Alternatively, we’ll dumb ourselves to the point we did in PC support. Instead of trying to fix stuff, it’s cheaper and easier to reformat the disk and start from scratch, or start a new VM if you were smart enough to figure out VDI is more than a TLA that will be big three years from now… for the last 30 years.
Let’s wait and see how well the dumbing down works in large-scale networking… I’m positive some corporate bozos will buy into a $vendor fairy tale any time now and reap the results they deserve.
IaC is the future. It is unavoidable. But the question I constantly contend with is at what cost, and at what point will my skill set as a network engineer/architect become irrelevant at the negotiating table for a new job or a raise request?
30 years ago I was able to write a complete multitasking operating system in Z80 assembly code. I can no longer do that, and nobody is willing to pay me for that skill set. The world has moved on, and so did I. We’ll simply have to go through that same journey one more time (see also: who moved my cheese).
Particularly when they can relabel our roles by the promise of SD* and map us against the pay scale for developers once their non-complex spine-and-leaf topology goes live with only BGP and thousands of leaf switches merely needing the concept of overlay networking to be maintained in code.
There will always be well-paid jobs for smart people willing to work hard and apply their accumulated skills to tough problems… but unfortunately you can no longer expect to land a well-paid job and keep it for the next 40 years. There might be exceptions - people are still willing to pay for COBOL developers - but don’t expect to be one.
Also, there’s developers and there’s software engineers and architects. Software architects in US are paid slightly better than network architects according to PayScale, so no worries there. OTOH, if your employer compares your skills to script kiddies hacking away low-quality Python code, it might be time to move on.
It’s coming, it’s unstoppable, but it’s scary. Alongside conforming with the progression, how do I stop being scared of the implied threat?
There’s only one way to deal with the threat of becoming irrelevant: change and move on (burning cotton mills didn’t work out too well I’ve heard).
Find a promising adjacent area you might be good in that meshes will with what you already know, and invest some time in becoming good in that area, keeping in mind that it gets easier once you’ve accumulated enough knowledge, and that it’s better to be good at many things than excellent in a tiny niche (see also this excellent advice by Scott Adams). And guess what - cloud networking or network automation might be a perfect fit, and if you need a helping hand on this (supposedly) scary journey, check out our online courses.

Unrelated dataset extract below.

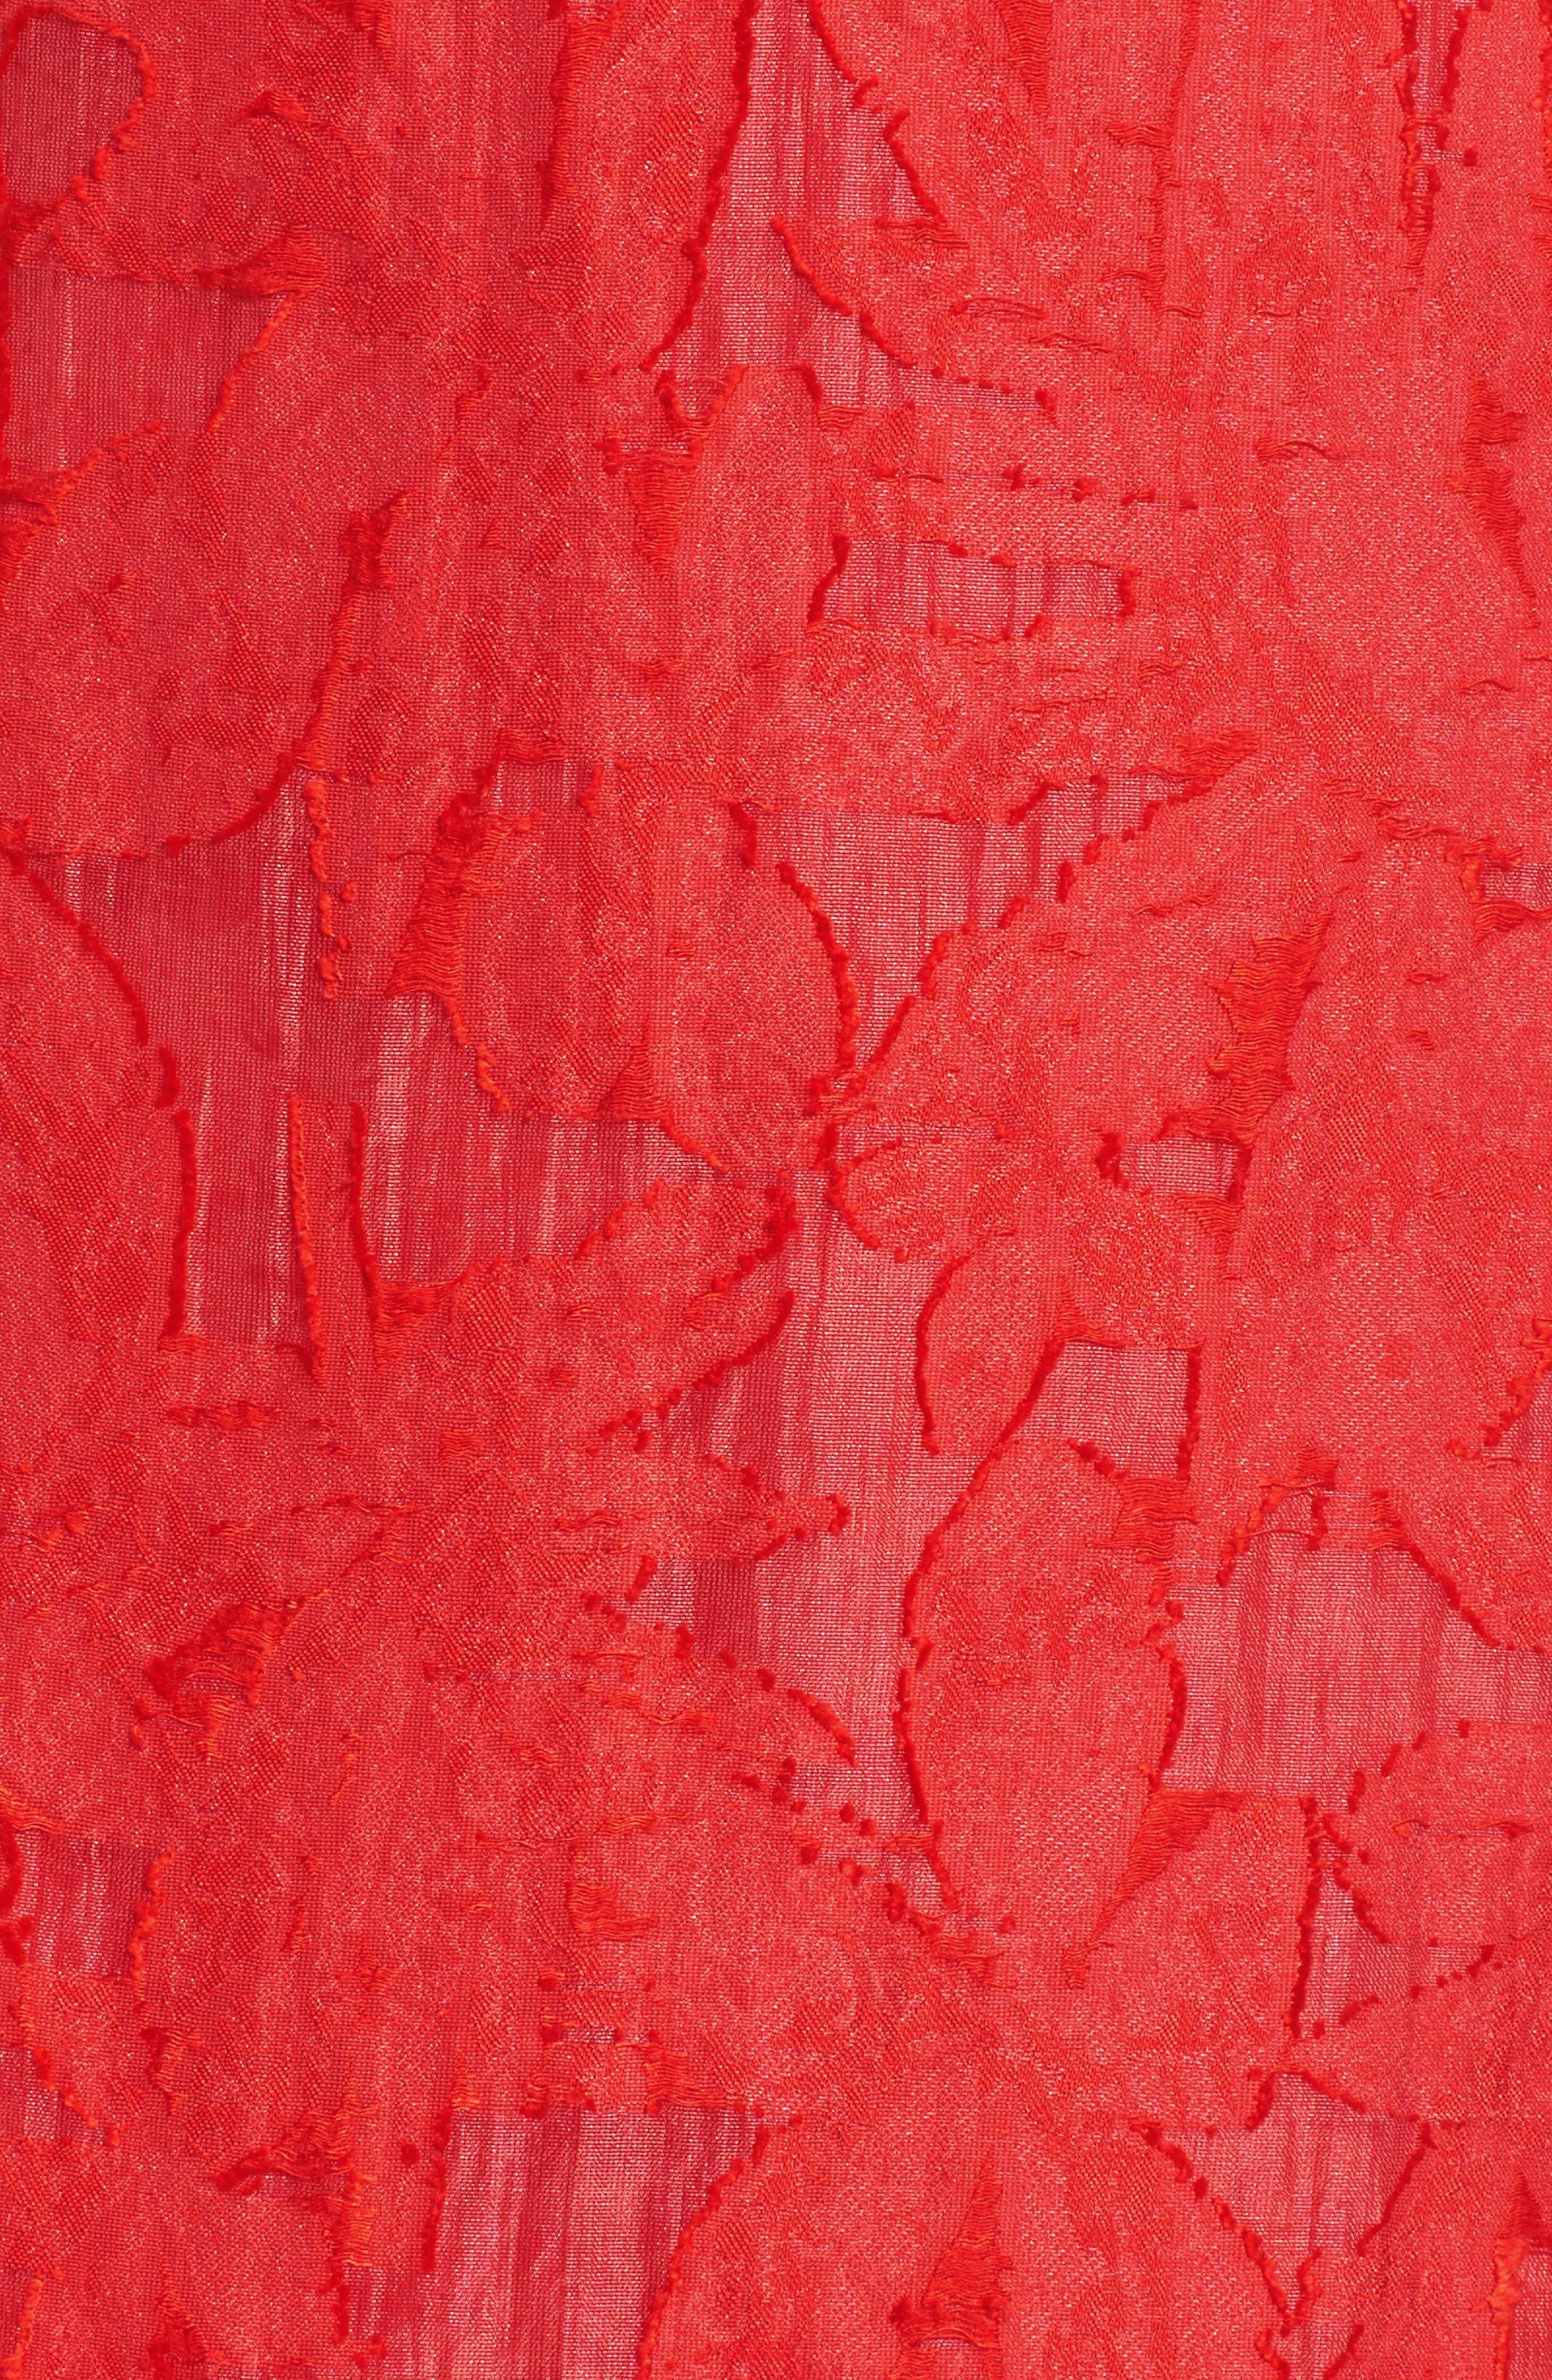 Organza Ruffle Sheath Dress,                             Alternate thumbnail 5, color,                             Red

I think, IMHO, if anyone will get to the stage that "path of needing to understand and appreciate protocols and functionality when “the code simply handles it”", in any area of IT, then that person should remove Engineer part of job description. And during any outage or troubleshooting, all I could say would be: good luck, you gonna need it. Knowledge was, is and always will be the key to understanding. (Where knowledge is not always the same as education.) Thank you, nice article.
I think designing networks to be automated is critical and very hard. I still don't know how to describe what that means, though. It's really hard to do if you don't have tools to do it, and I don't know what those are. Some part of such a design is a regular as possible; the more details that you have to keep track of the much harder it gets to automate, you have to remember everything and you have to understand the consequences of every detail.